#### WHAT THE TASK ASKS
Using only the entries below, output the lines starting at the one containing "Veranda, terrace with BBQ" and ending at the one containing "1967 Chevrolet Corvette", exactly and inclusive of both, omitting the pictures.

#### RECORDS TO PROCESS
=-=-=-=-=

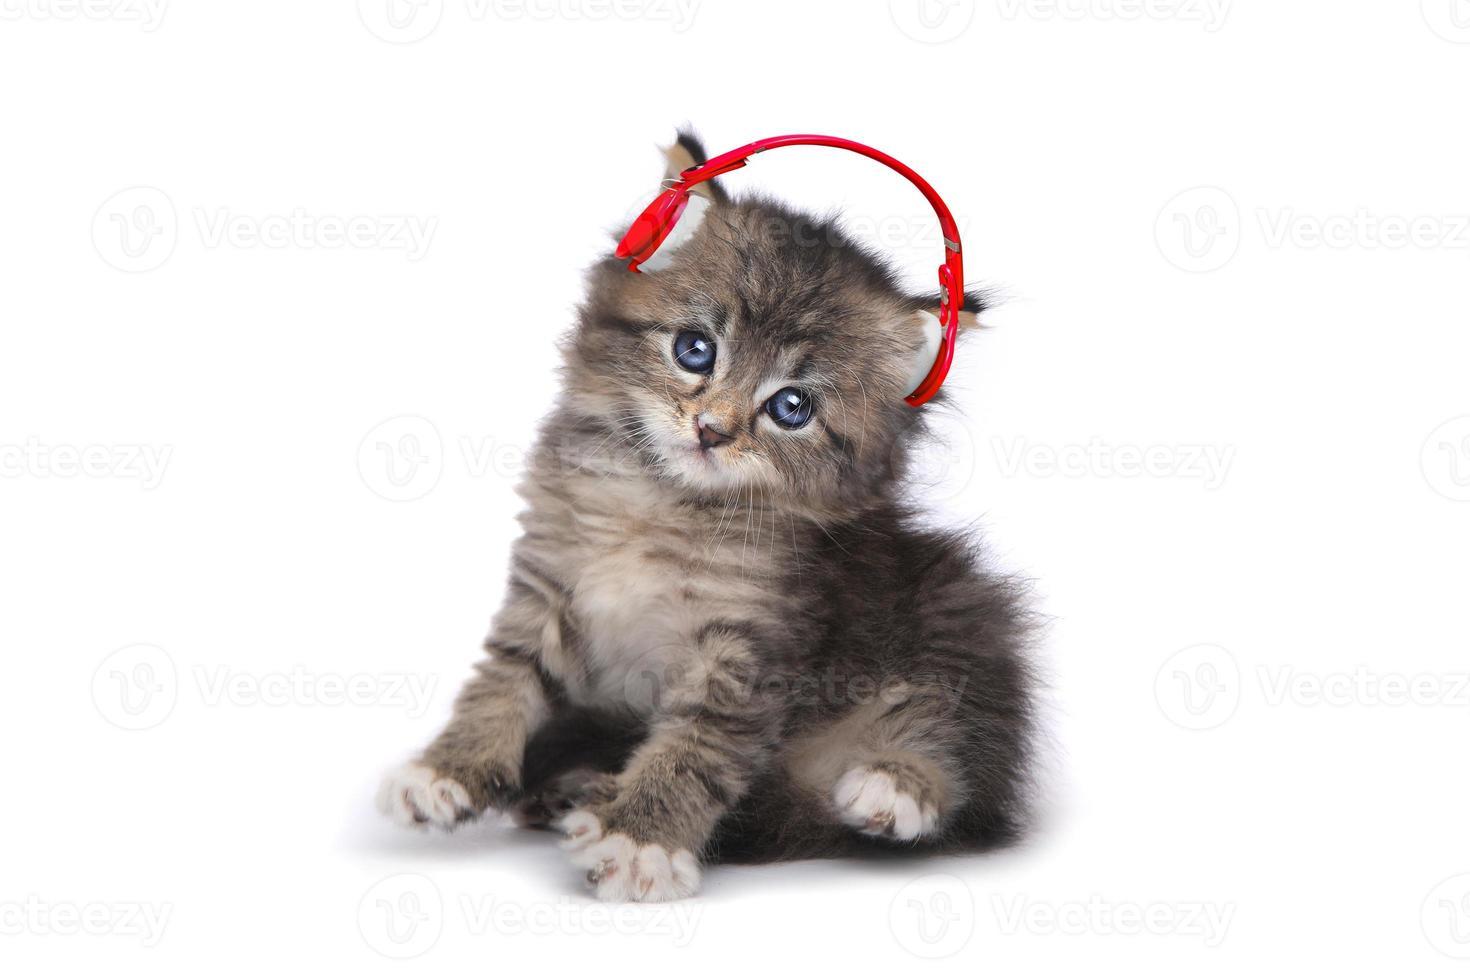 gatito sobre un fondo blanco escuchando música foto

=-=-=-=-=

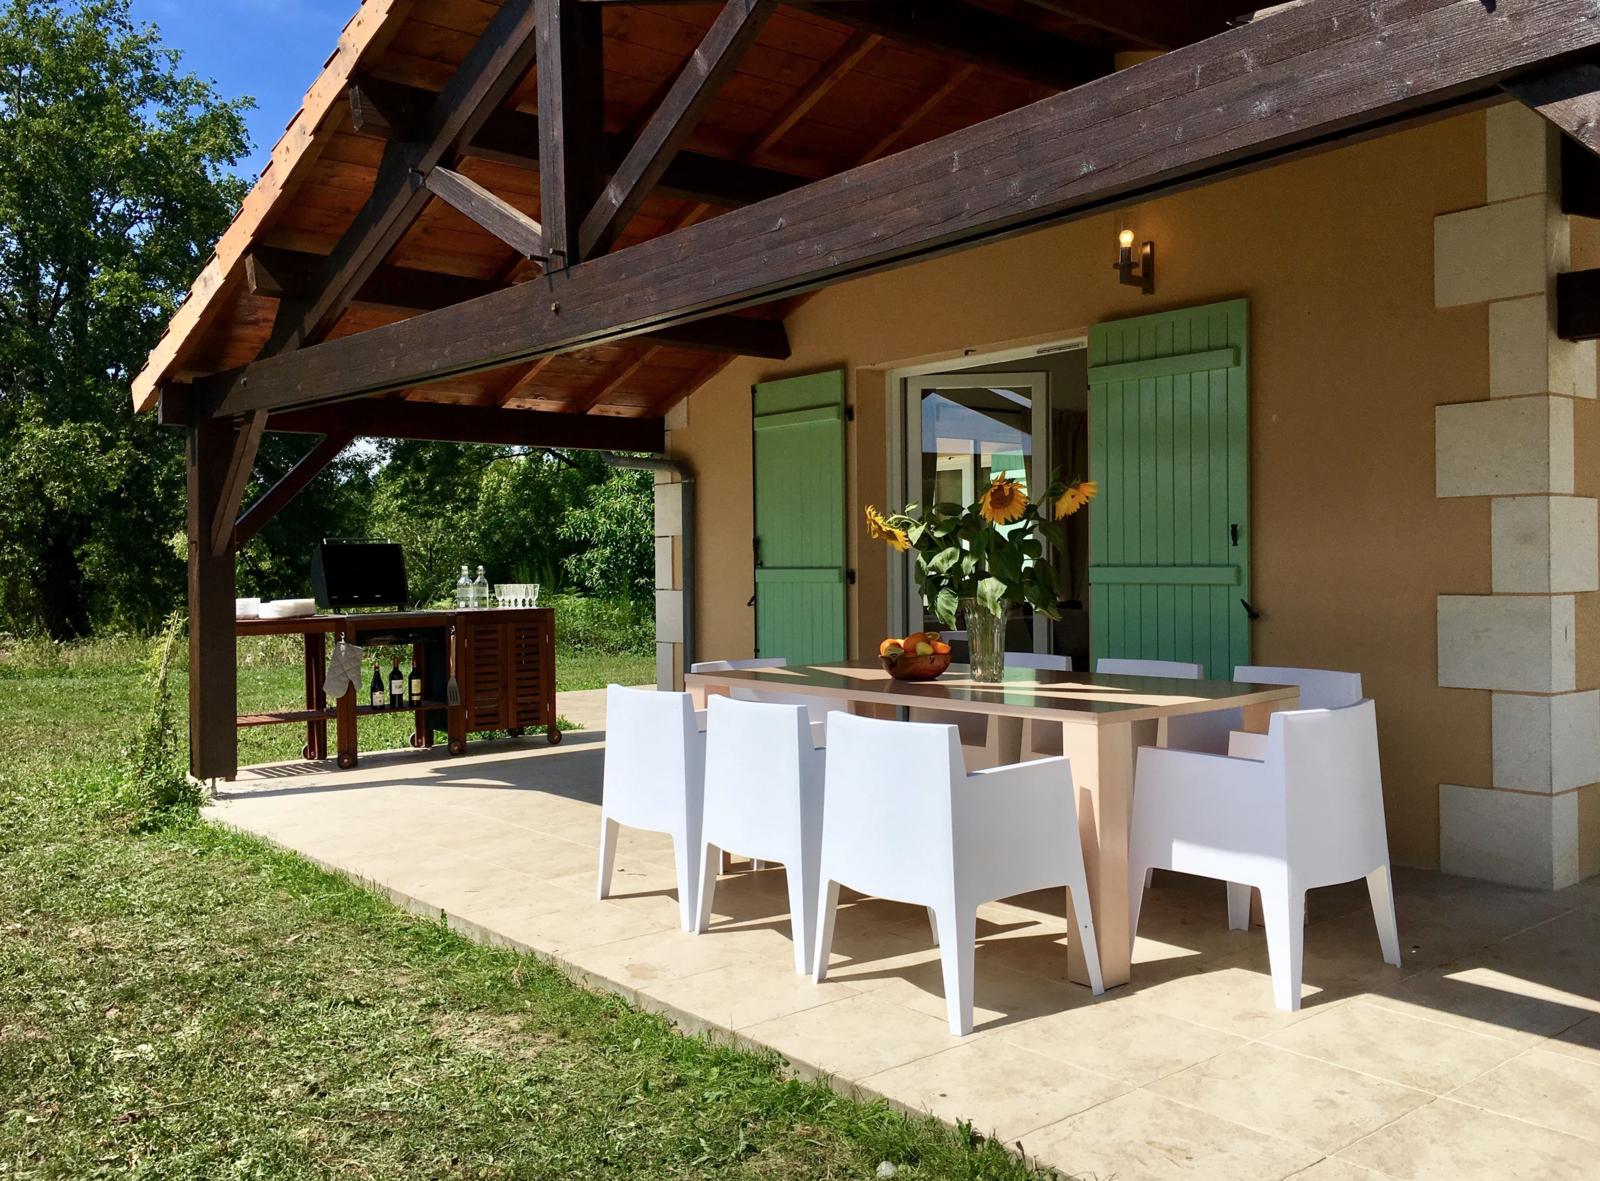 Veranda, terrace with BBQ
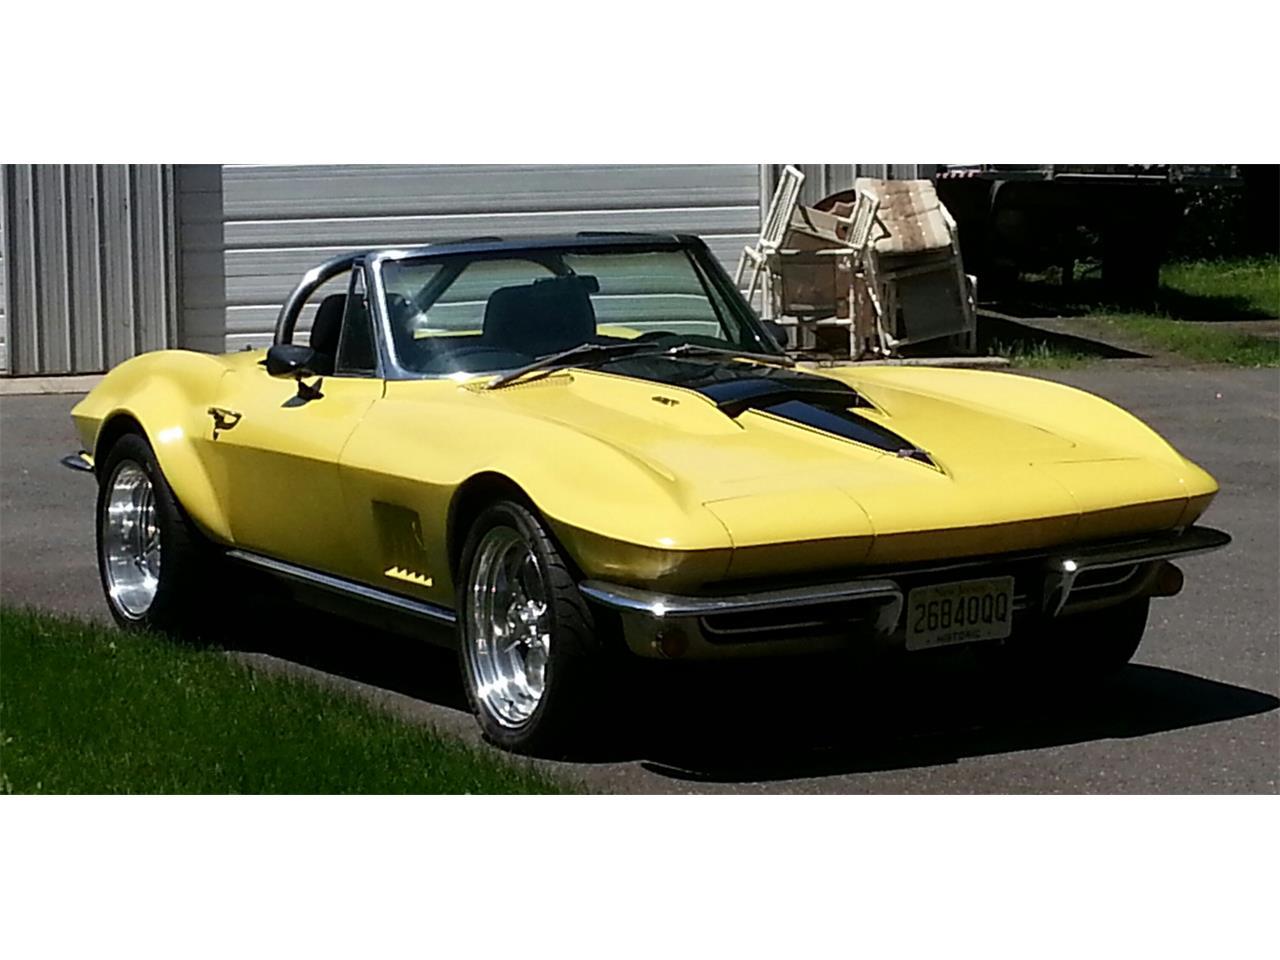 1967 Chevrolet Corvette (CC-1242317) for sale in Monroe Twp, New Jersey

=-=-=-=-=

#### FINISHED EXERCISE
 Veranda, terrace with BBQ
 1967 Chevrolet Corvette (CC-1242317) for sale in Monroe Twp, New Jersey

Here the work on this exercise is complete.